Work to complete: Starting with the line below that holds "msds for 02916" and stopping after the line that holds "The only raw", transcribe the lines exactly, leaving out all pictures.

Given data:
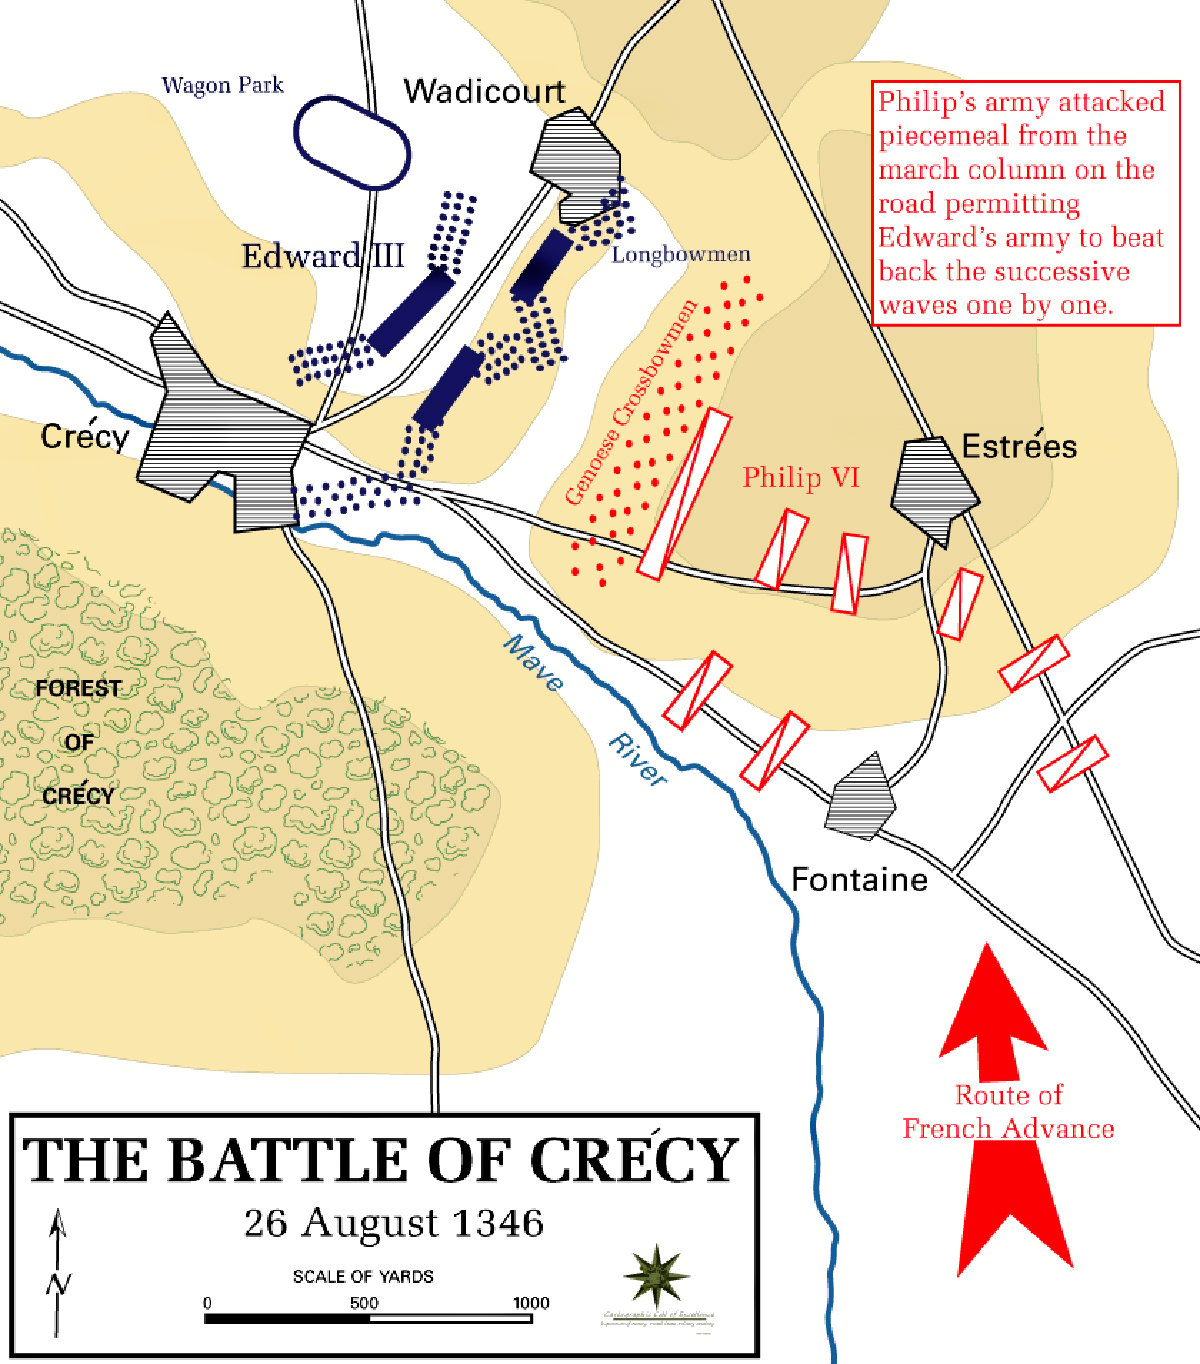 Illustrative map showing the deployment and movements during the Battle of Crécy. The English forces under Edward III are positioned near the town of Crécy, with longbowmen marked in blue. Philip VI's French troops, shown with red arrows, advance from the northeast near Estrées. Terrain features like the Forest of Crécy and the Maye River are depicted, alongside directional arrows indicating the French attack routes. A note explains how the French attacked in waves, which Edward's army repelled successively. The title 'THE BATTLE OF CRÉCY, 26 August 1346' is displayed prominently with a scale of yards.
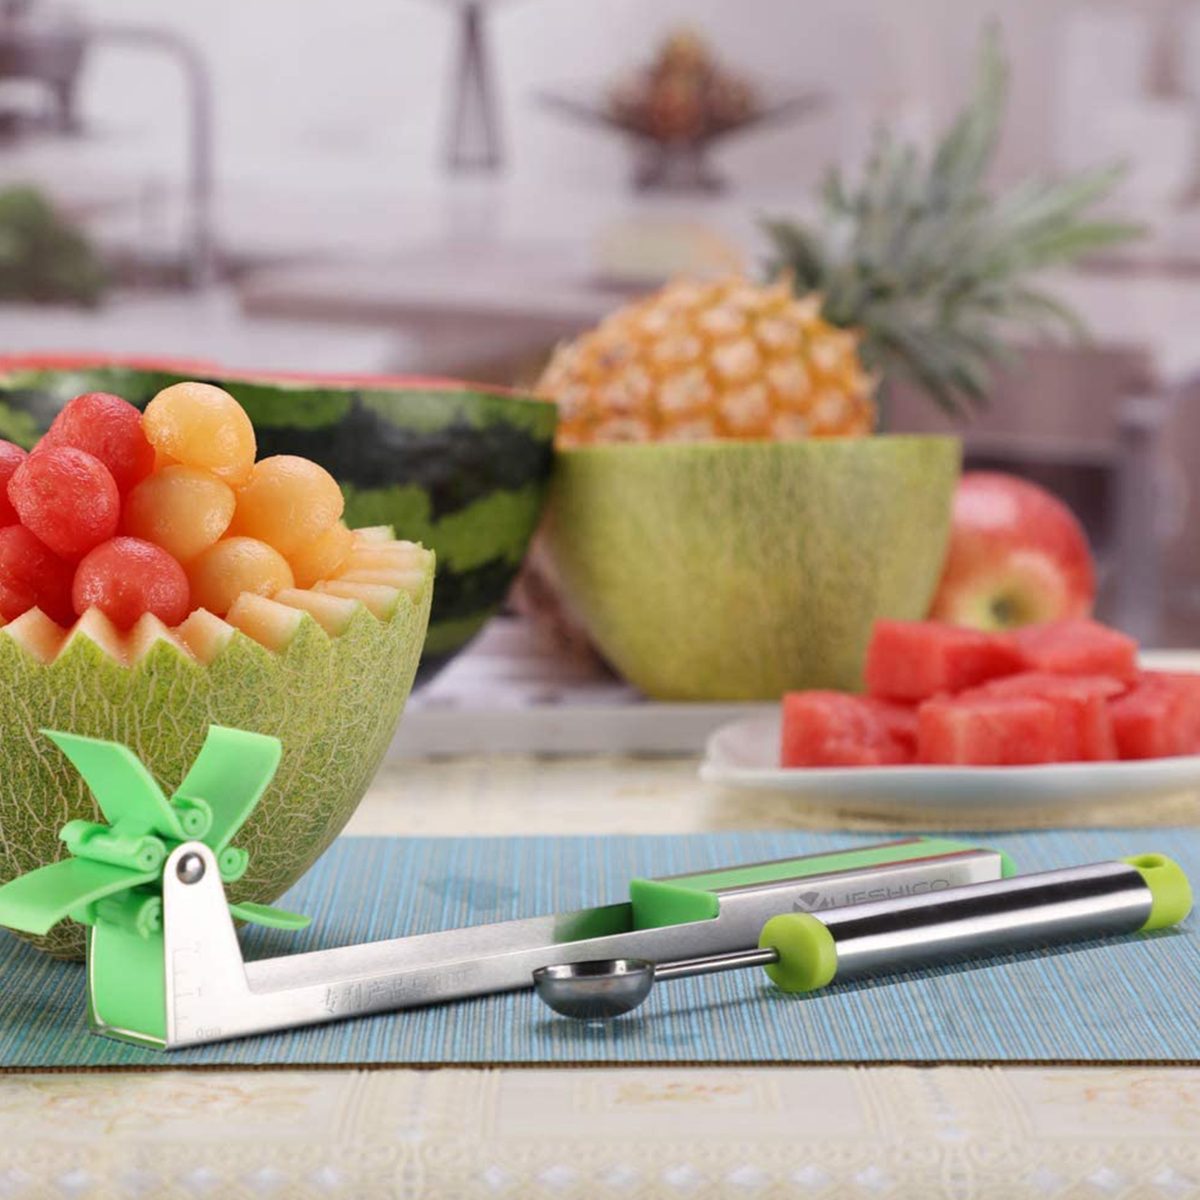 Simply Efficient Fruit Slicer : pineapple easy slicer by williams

--

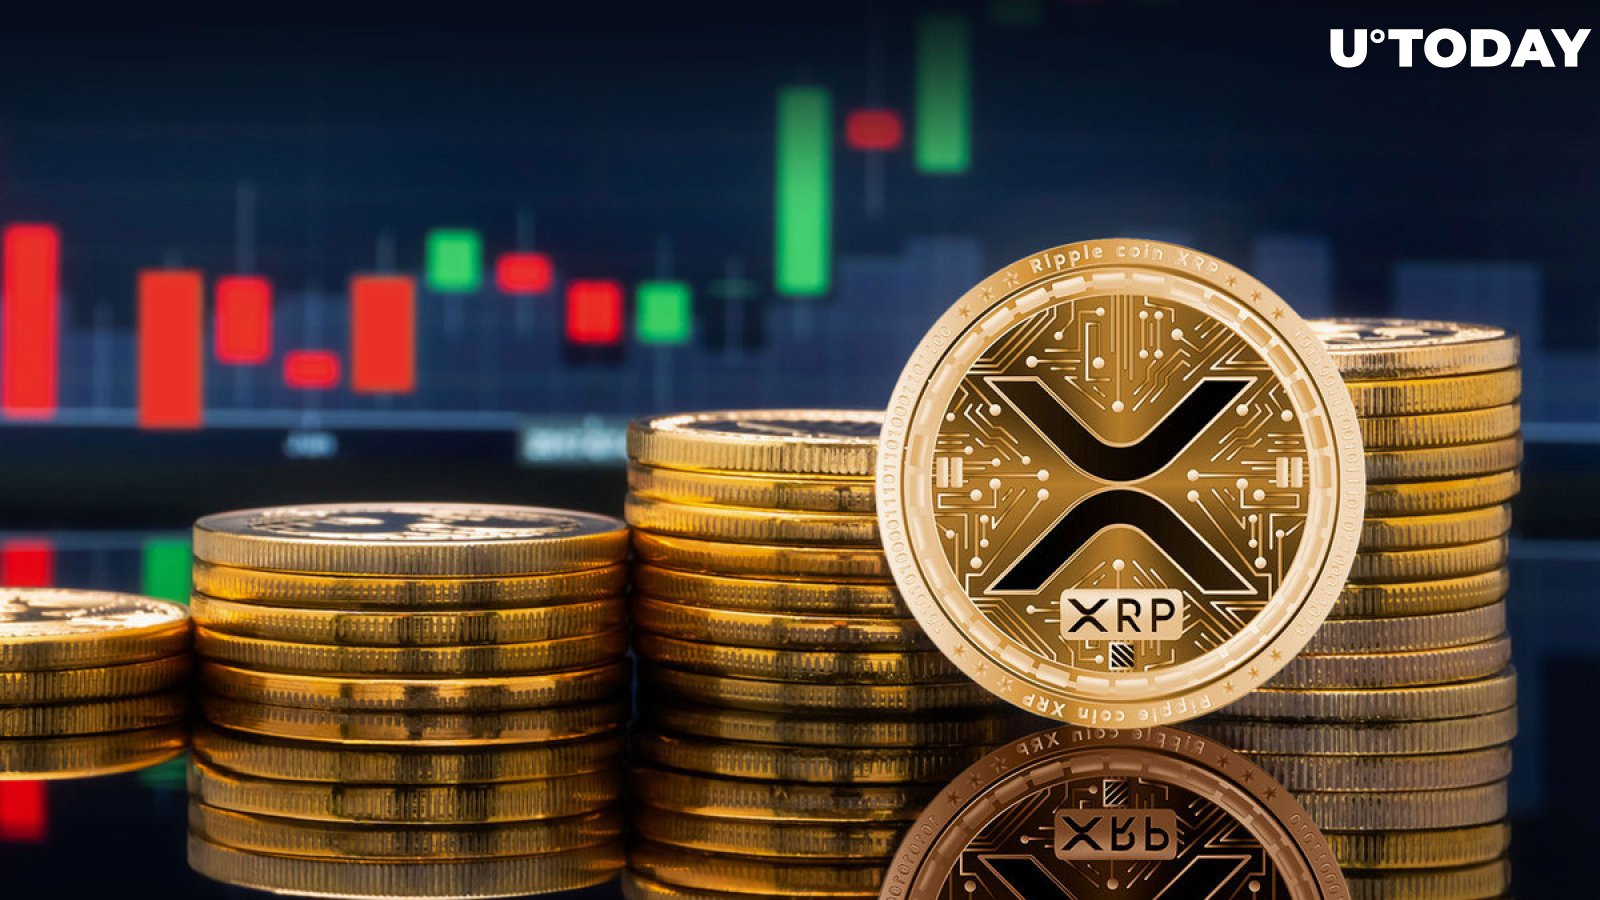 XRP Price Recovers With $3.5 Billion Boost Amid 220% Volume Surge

...

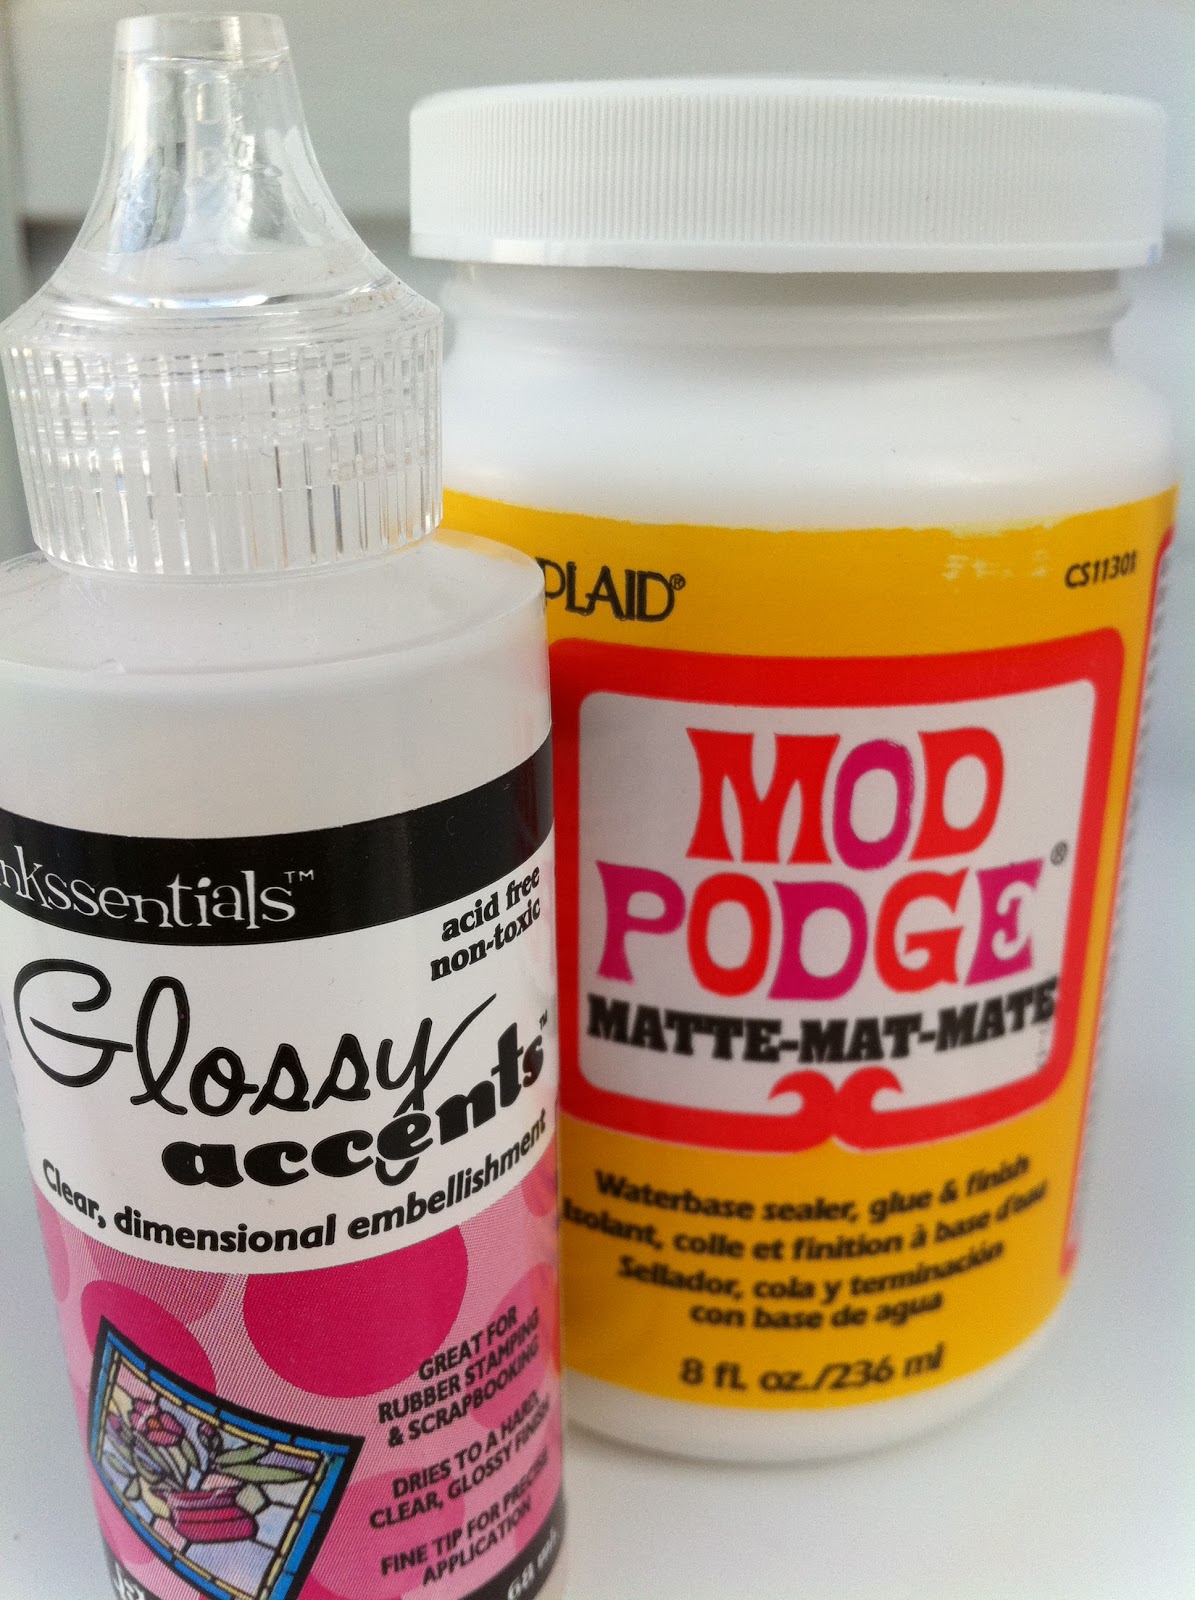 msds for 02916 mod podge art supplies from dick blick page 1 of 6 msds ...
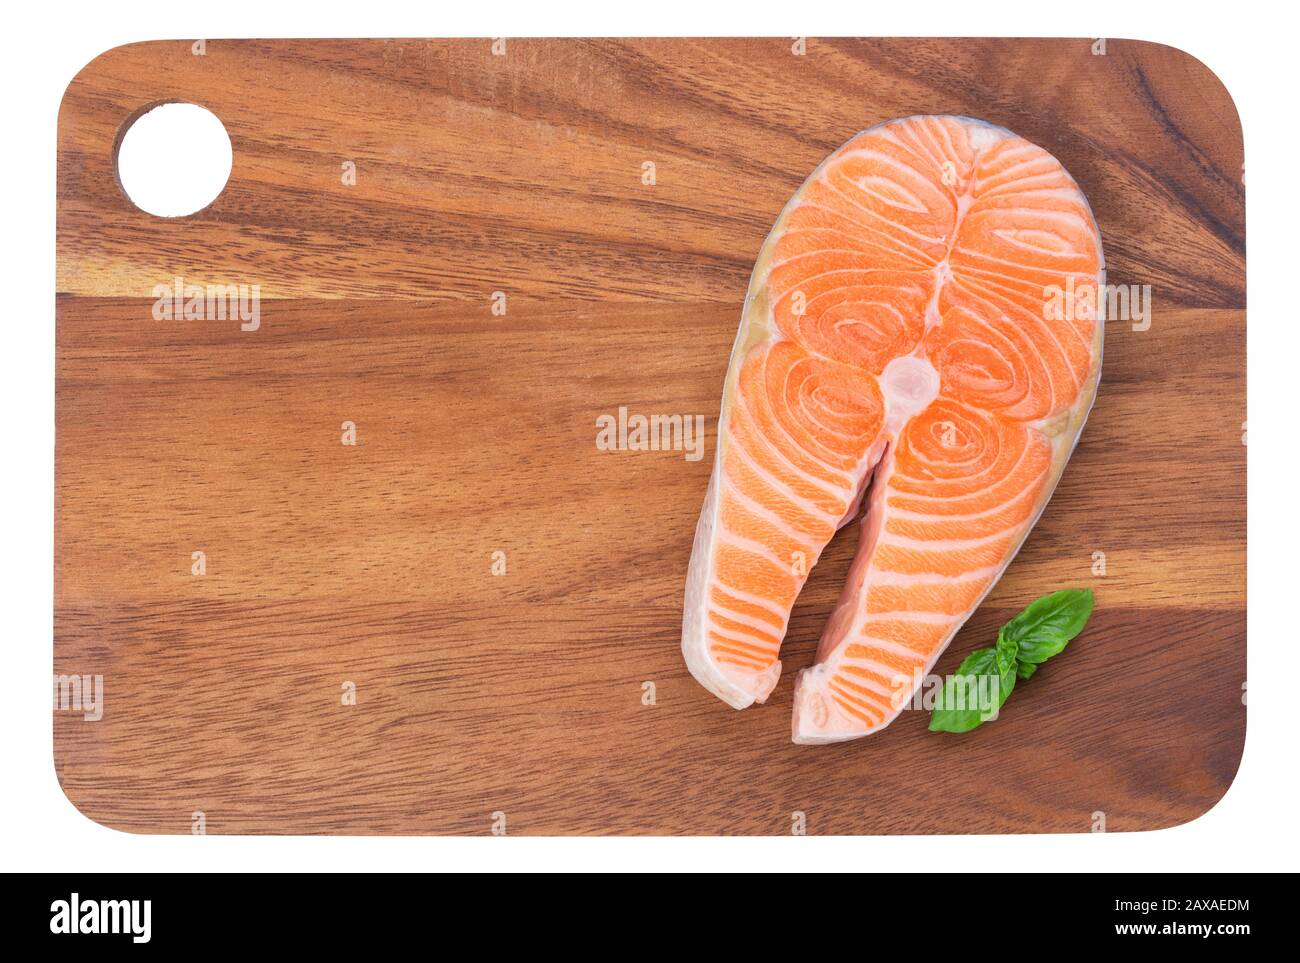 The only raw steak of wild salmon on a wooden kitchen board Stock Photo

Task output:
 msds for 02916 mod podge art supplies from dick blick page 1 of 6 msds ...
 The only raw steak of wild salmon on a wooden kitchen board Stock Photo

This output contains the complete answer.